2.1 THE INTERNATIONAL SYSTEM OF UNITS (SI)

The International System of Units (SI) was adopted in 1960 [3]. The SI is set up on the basis of seven base units, which are given in Section 2.2. The SI derived units are expressed as products of the base units. As of May 20, 2019, the SI is defined by fixing the numerical values of seven physical constants [3].

The SI is the system of units in which: - the unperturbed ground state hyperfine transition frequency of the caesium-133 atom Cs is 9 192 631 770 Hz, - the speed of light in vacuum c is 299 792 458 m/s, - the Planck constant h is 6.626 070 15×10−34 J s, - the elementary charge e is 1.602 176 634×10−19 C, - the Boltzmann constant k is 1.380 649×10−23 J/K, - the Avogadro constant NA is 6.022 140 76×1023 mol−1, - the luminous efficacy of monochromatic radiation of frequency 540×1012 Hz, Kcd, is 683 lm/W.
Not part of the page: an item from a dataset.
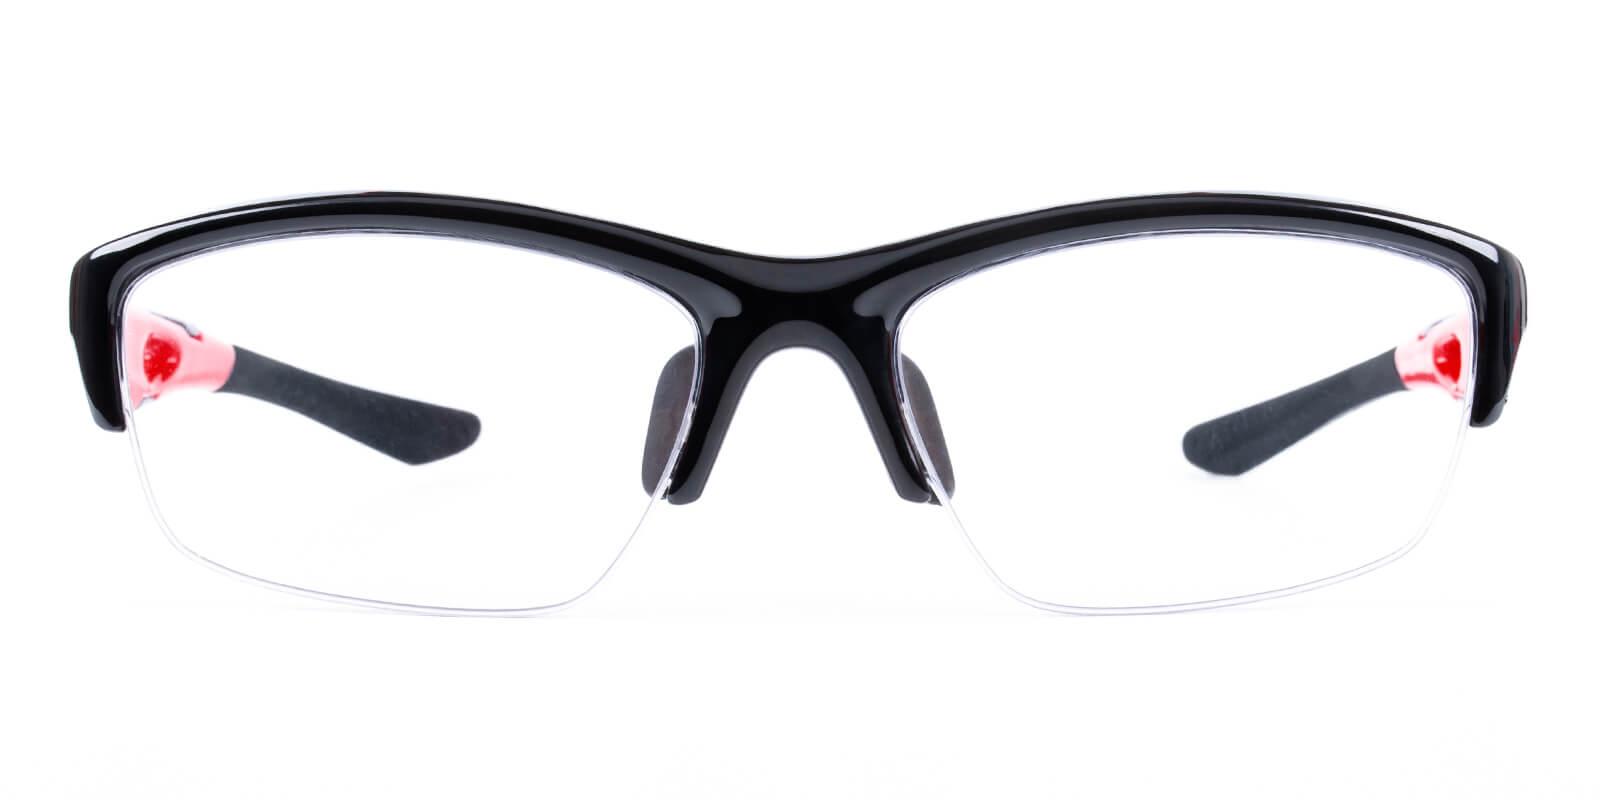 Philips-Red-Rectangle-TR-SportsGlasses-detail

Some of these physical constants are also given in the abbreviated list of fundamental constants in the cover page of this book.

In the International System of Units there is only one coherent SI unit for each physical quantity. This is either the appropriate SI base unit itself or the appropriate SI derived unit. However, any of the approved decimal prefixes, called SI prefixes, may be used to construct decimal multiples or submultiples of SI units (see Section 2.5 below). It is recommended that units of the SI be used in science and technology (for more details, see [3]). When other units are used, they should be clearly defined in relation to the SI units.

2.2 NAMES AND SYMBOLS FOR THE SI BASE UNITS

The symbols listed here are internationally agreed and shall not be changed in other languages or scripts. See sections 1.3.2 and 1.6, p. 3 and p. 5 on the printing of symbols for units.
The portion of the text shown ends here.